62. Mary’s Grammar: Interspersed with Stories Intended for the Use of Children.
Marcet, Jane Haldimand. 4th ed. London: Longman, Orme, Brown, Green & Longmans, 1840.
Marcet (1769–1858) was a popular writer of introductory books on science. She and her husband—the physicist Alexander John Gaspard Marcet, a political exile from Switzerland—maintained a busy literary salon at their house until his premature death in 1822. She then lived with her daughter in Piccadilly and probably wrote this book for her grandchildren: “I have so often pitied children who have been studying grammar which they did not understand.” Yet if she herself had understood the “metaphysical difficulties” involved, she would not “have undertaken the task.”
63. An Improved Grammar of the English Language.
Webster, Noah. New ed. New Haven: Sidney Babcock, 1842.
In 1842—58 years after his first English grammar (no. 23) and just a year before his death—the elderly Noah Webster issued this newly “improved” grammar. Although Lindley Murray had been dead for 16 years, Webster was still plagued by Murray’s popularity. All the British grammars were “very imperfect and . . . very erroneous.” He contradicted Murray whenever he could: “the contrary rule in Murray is egregiously wrong.” And he persisted in oddball views: “Grammars tell us, that is sometimes a conjunction. This is not true; it is always a pronoun.”
64. The Pictorial Grammar.
Crowquill, Alfred. London: Joseph Rickerby, 1842.
Alfred Henry Forrester (1804–1872) wrote under the pseudonym Alfred Crowquill. In the year of this book’s publication, his cartoons began appearing in Punch. According to one memoir, Crowquill was “a universal favorite” who set many a table “in a roar with his medley of songs.” He could write, he could draw, and he was an admirable vocalist. This grammar is most notable for its many clever illustrations, including his anthropomorphic conception of verb conjugations—as illustrated in the three photos above and to the right (in Crowquill’s words, “regular, irregular, and defective”).
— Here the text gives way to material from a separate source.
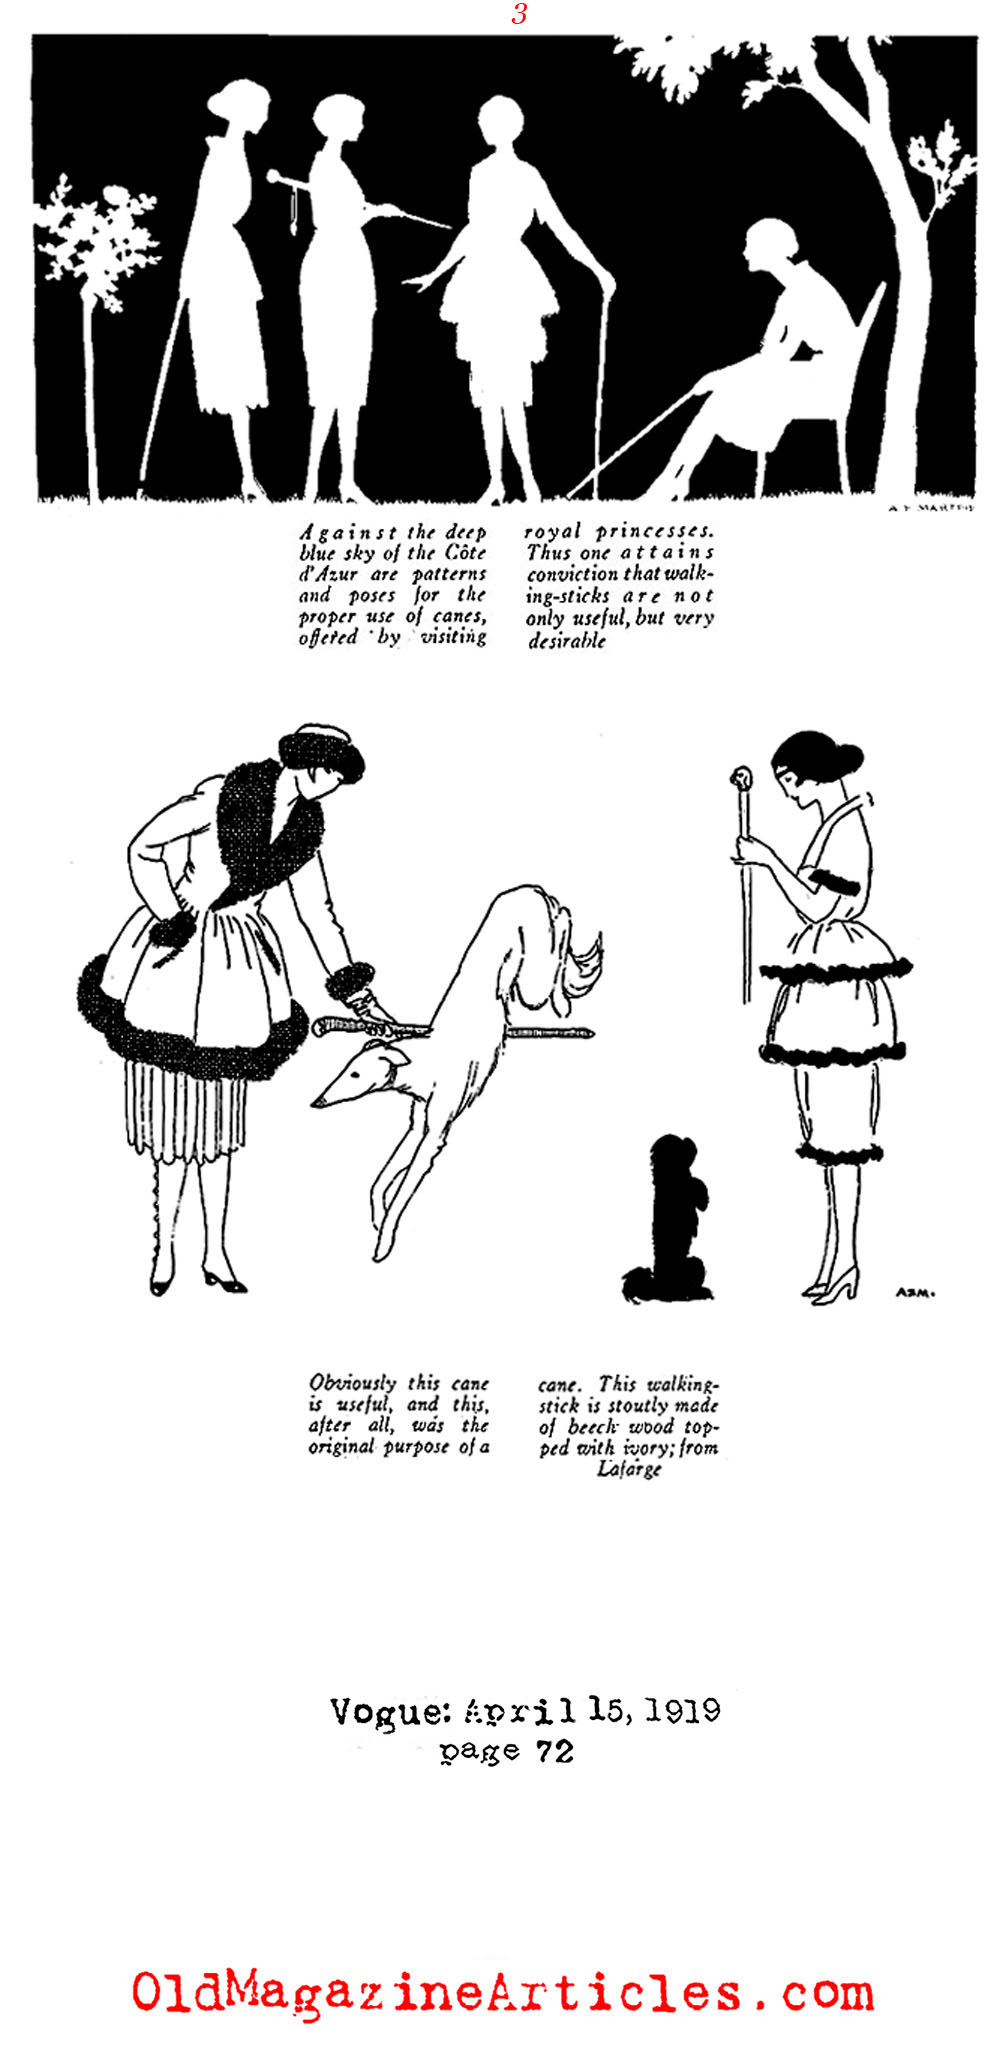 Paris Puts a Stick in the Mode...(Vogue Magazine, 1919)

65. A Practical Grammar of the English Language.
Butler, Noble. 2d ed. Louisville, Ky.: Morton & Griswold, 1846.
Butler (1810–1882), a professor in Louisville, wrote the most famous Confederate grammar. His life was transformed in 1853 when his brother William, a Louisville teacher, was murdered in the classroom by the brothers of a student whom William had disciplined the day before. After an “infamous verdict” acquitting the boys, Butler quelled riots by urging citizens to “stay the hand of violence and act calmly.” Butler’s will instructed that his body should be “encased in wood so that it might soon become a part of the soil and quickly serve to nurture the beautiful flowers he loved so well.”
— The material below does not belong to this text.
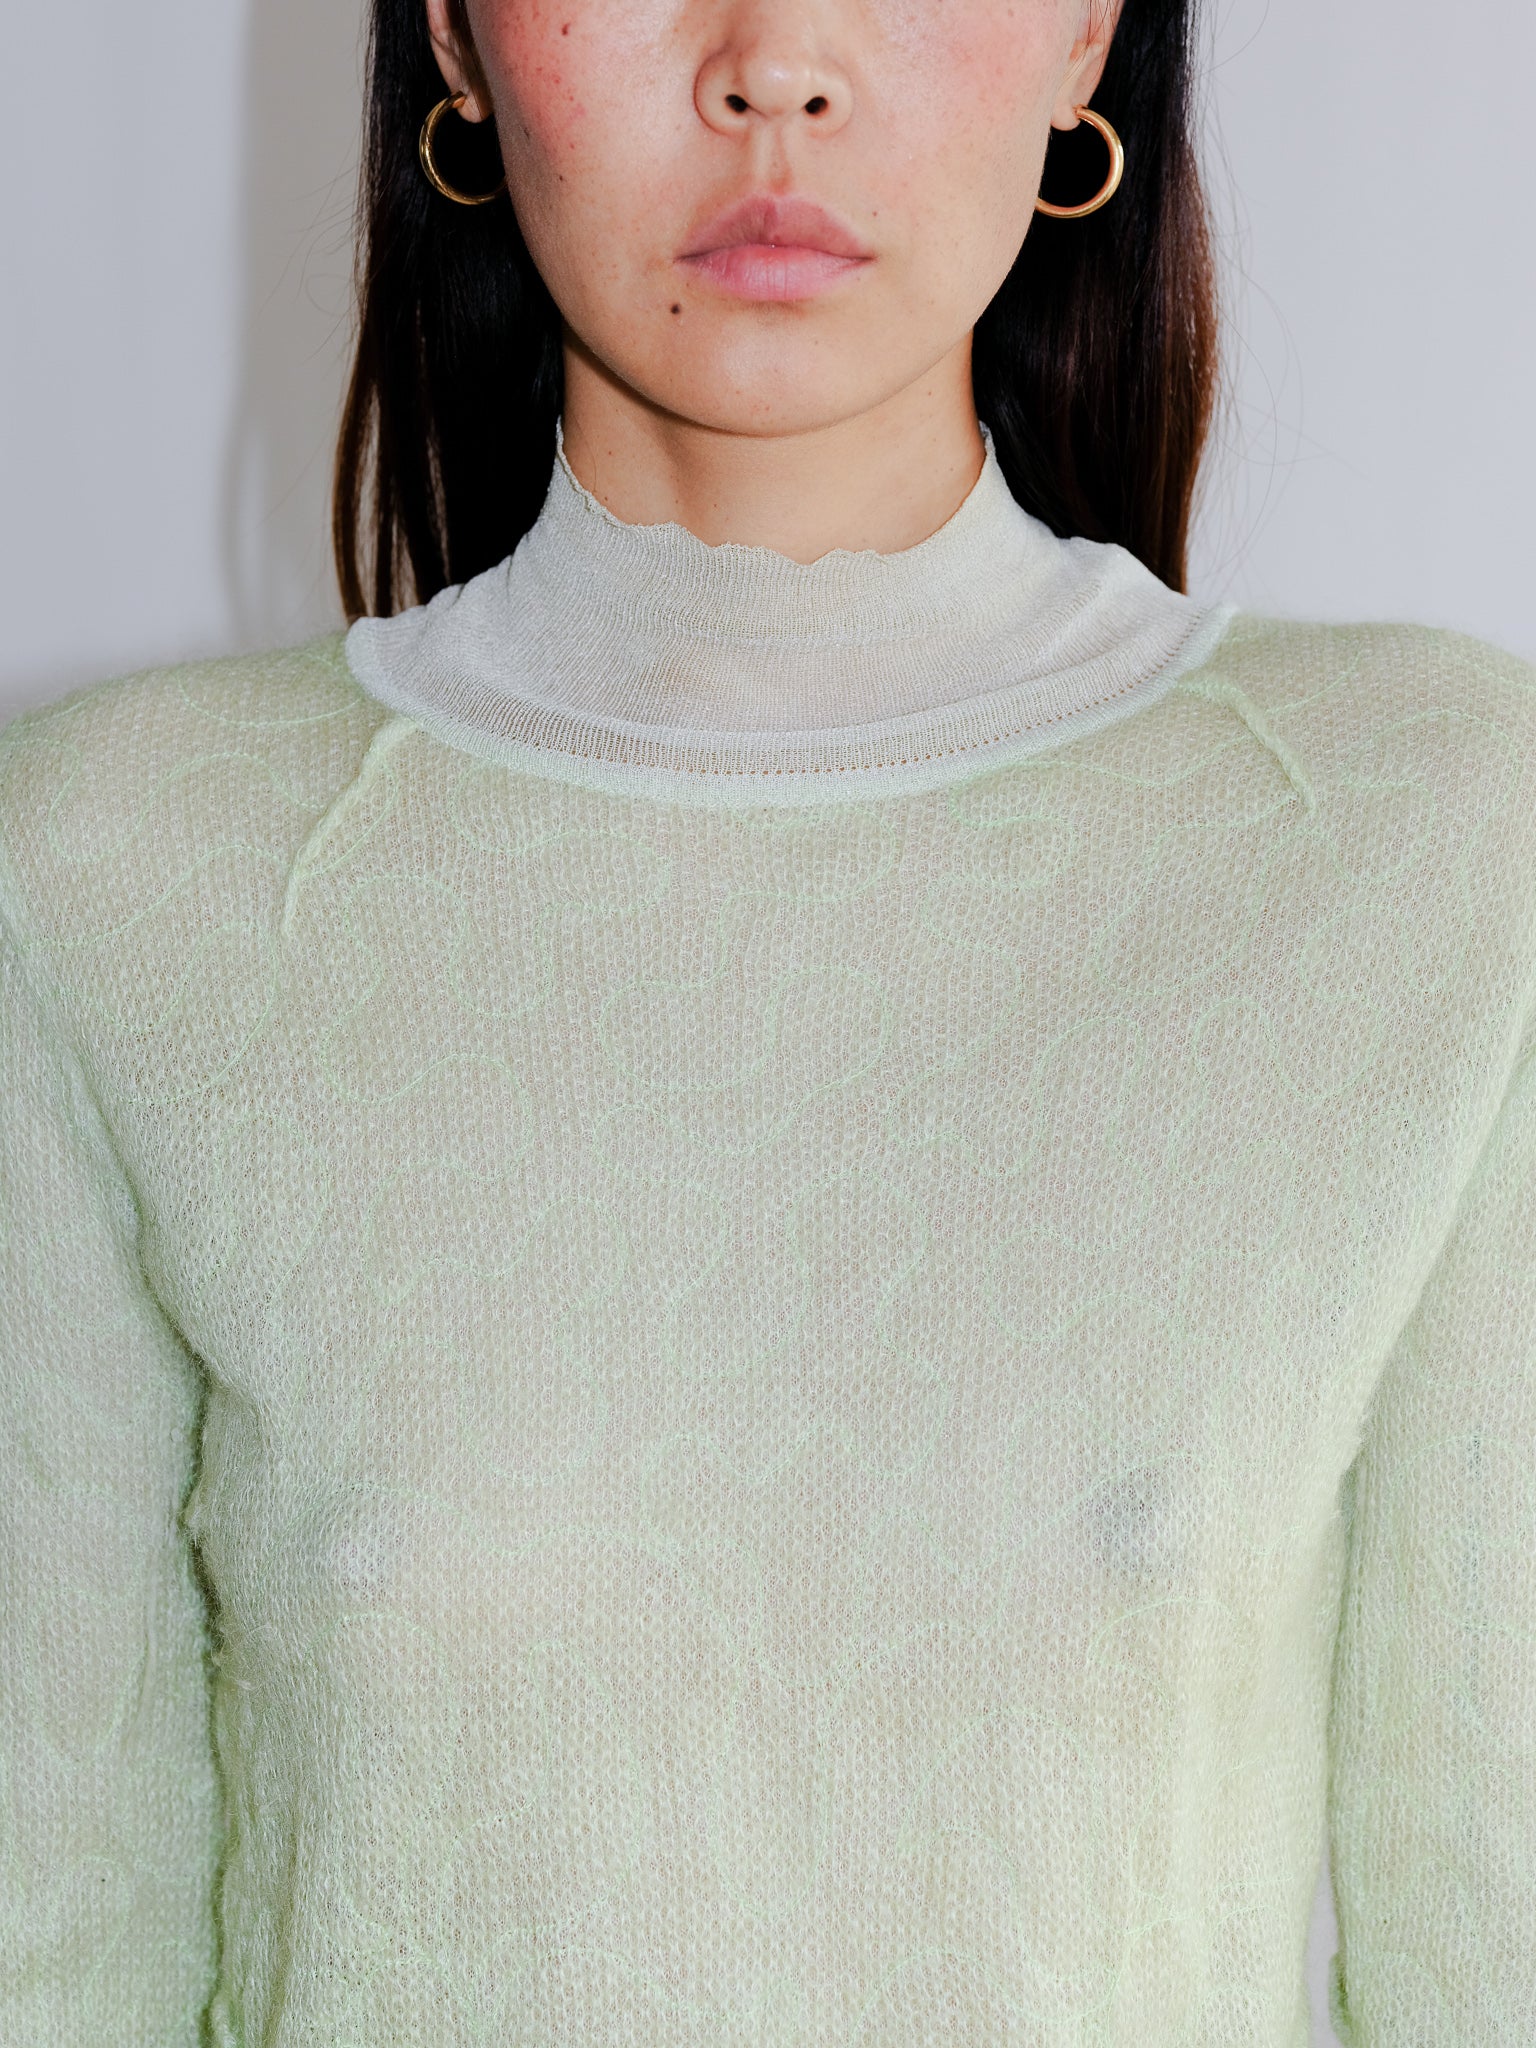 Christian Dior sweater

66. General Principles of Grammar.
Cornwallis, Caroline Frances, London: William Pickering, 1847.
Cornwallis (1786–1858), daughter of an Oxford don, wrote her first book, on philosophy, at the age of 56. Having declined to marry a French economist, she instead taught herself Latin, Greek, Hebrew, German, Old English, and even ancient Egyptian. She studied philosophy, science, history, law, theology, politics, and mineralogy. Her depth of learning and common sense are evident throughout the grammar. She recommended: “Never let an unweighed expression pass, but rewrite even a letter of compliment, if it might have been put in better phrase.”